TEDx talk about using street art to challenge the status quo.



I grew up in a family of educators and spent time living in Massachusetts, Texas, Wyoming and Upstate New York. Growing up in different parts of the country exposed me to the divergent cultures and peoples that makeup the so-called United States. I credit my early years in the conservative hotbed of Amarillo, Texas with forging my outlook and understanding of the world as a reaction to the inequality and racism I witnessed there. The diverse communities I encountered growing up inspired an interest in understanding how we as humans understand or misunderstand each other and led me to study cultural anthropology in College. I spent two seasons working as an archeological field technician before moving to New York City for graduate school where I studied under Prof. Jack Salzman. During graduate school I worked at cultural institutions in New York and I continue to do cultural work now. I also spent two years teaching English in rural Mongolia and have previously worked as a barista and bagel baker.  My writing on culture and art has been published by the Smithsonian Institution and Hyperallergic among others. 
I have no formal artistic training beyond an analog photo course and a drawing course as an undergrad.
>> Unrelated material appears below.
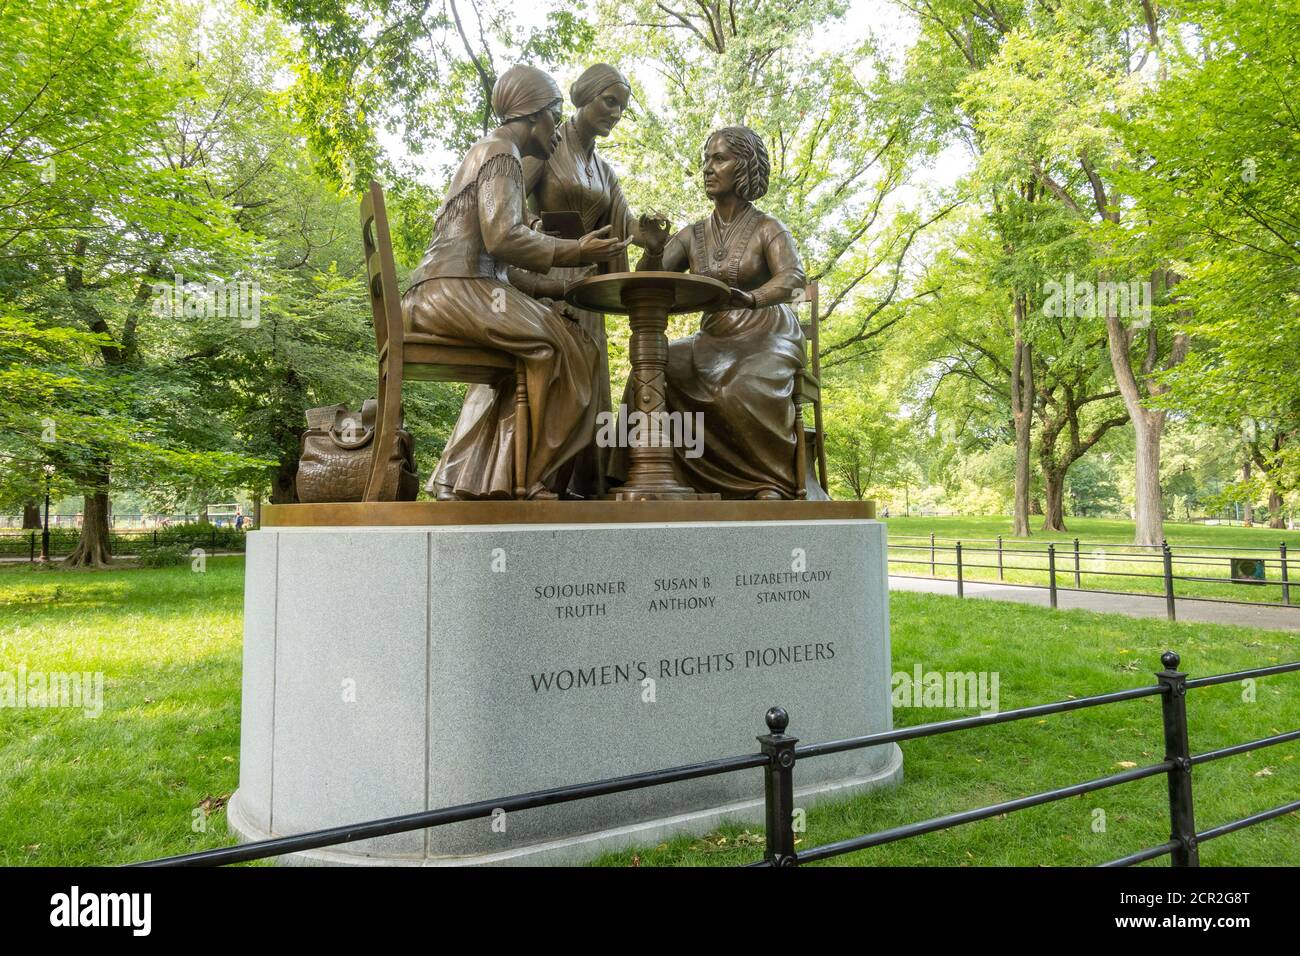 Das Denkmal für die Pionierinnen der Frauen befindet sich auf dem Literary Walk im Central Park, New York City, USA Stockfoto
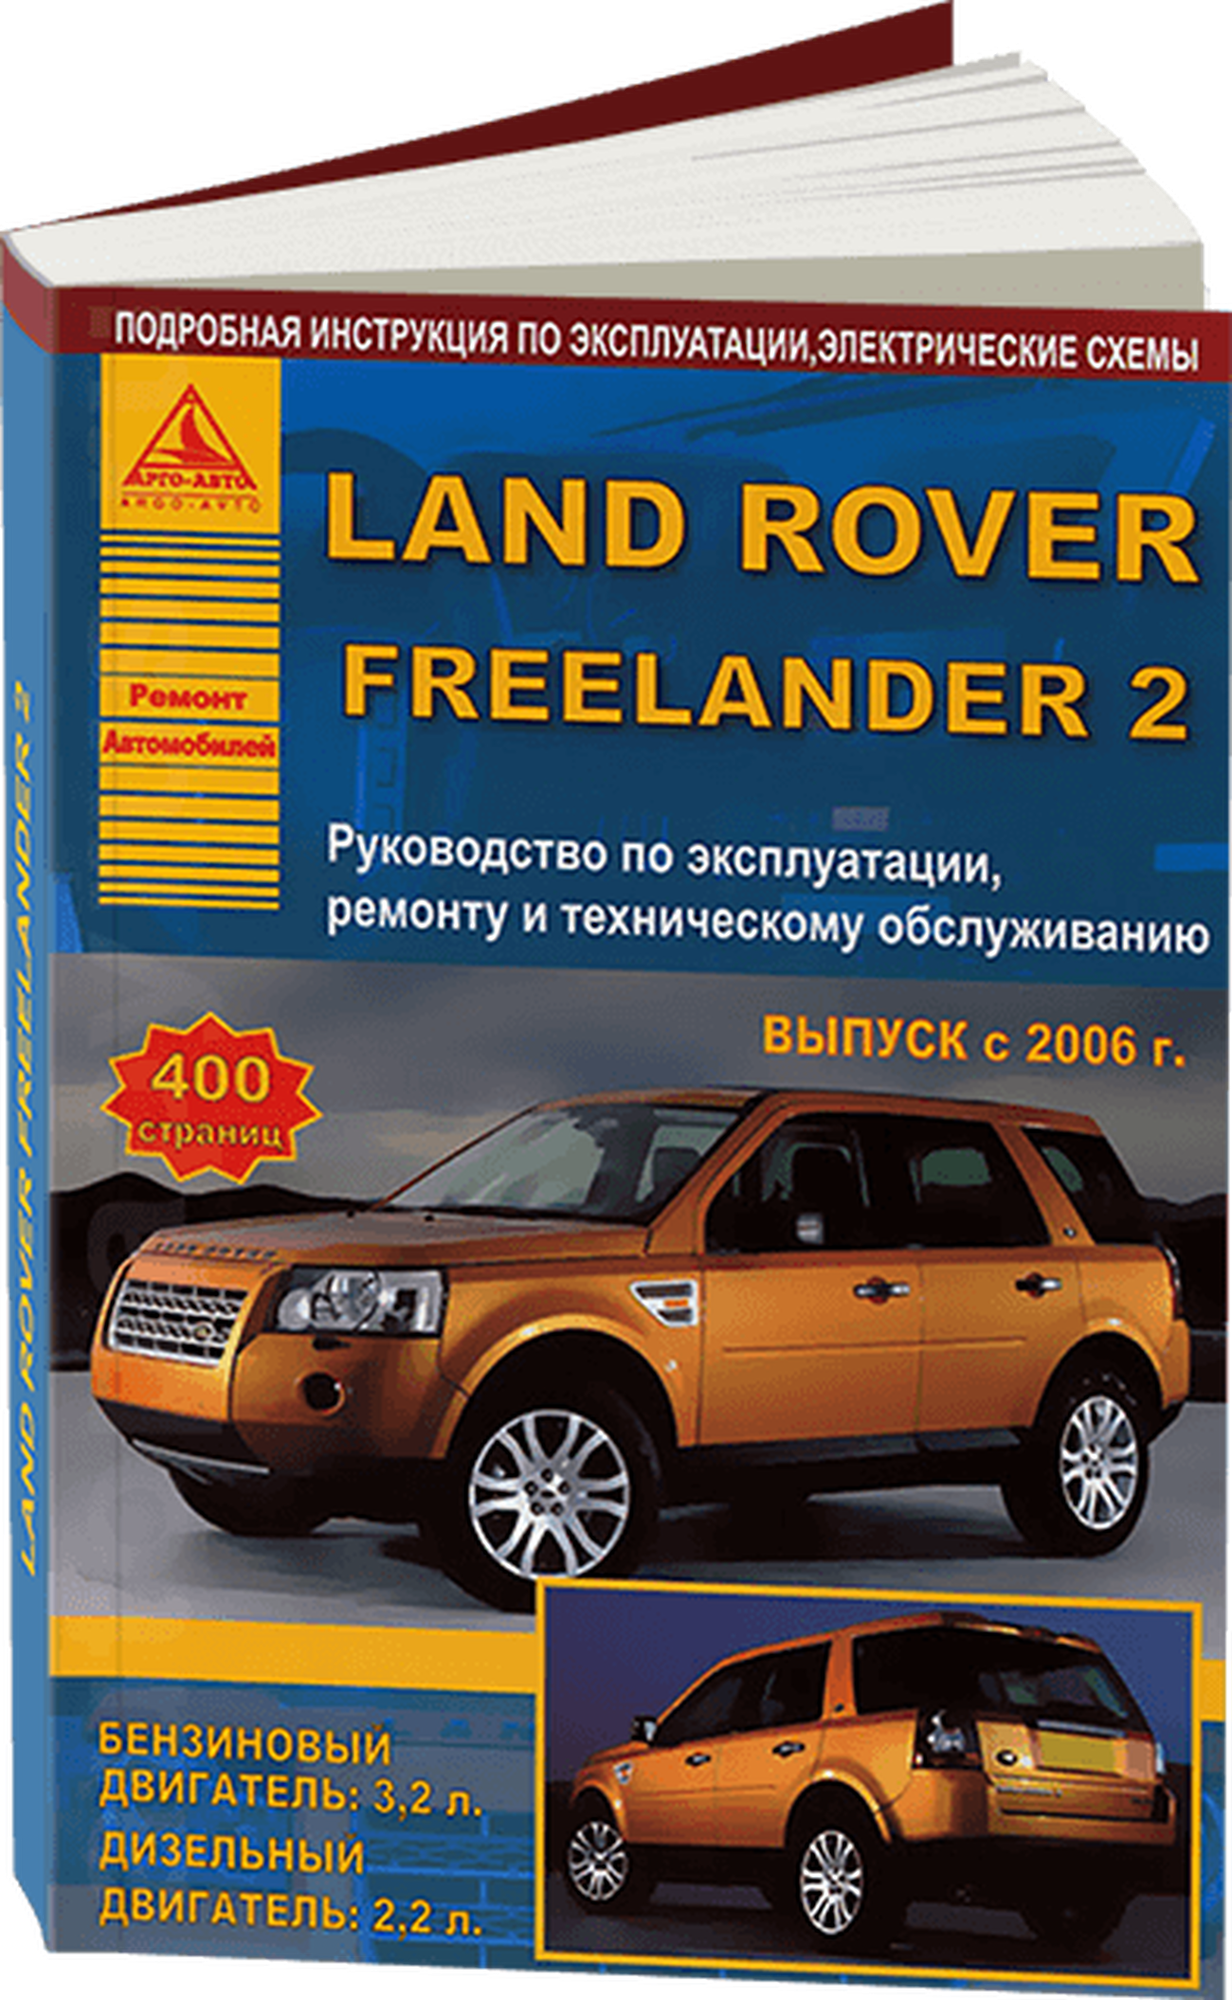 Автокнига: руководство / инструкция по ремонту и эксплуатации LAND ROVER FREELANDER 2 (лэнд ровер фрилендер 2) бензин / дизель с 2006 года выпуска , 978-5-8245-0149-0, издательство Арго-Авто

I enjoy looking at works by artists and trying to figure out how techniques are accomplished. I am interested in a variety of mediums but I most often work with multi-layered stencils, linoleum cuts, acrylic painting and digital illustrations. Much of my creative content is related to my 9-5 work in history and anthropology. I often wheatpaste my work in public on abandoned or vacant buildings. I enjoy putting my work up in the street because it allows me to operate outside of the  confines of the mainstream art world. This allows me to speak to social issues freely and engage with an audience where they are. It is my hope that my work can confront social issues and provide comfort and solidarity for people who are overlooked.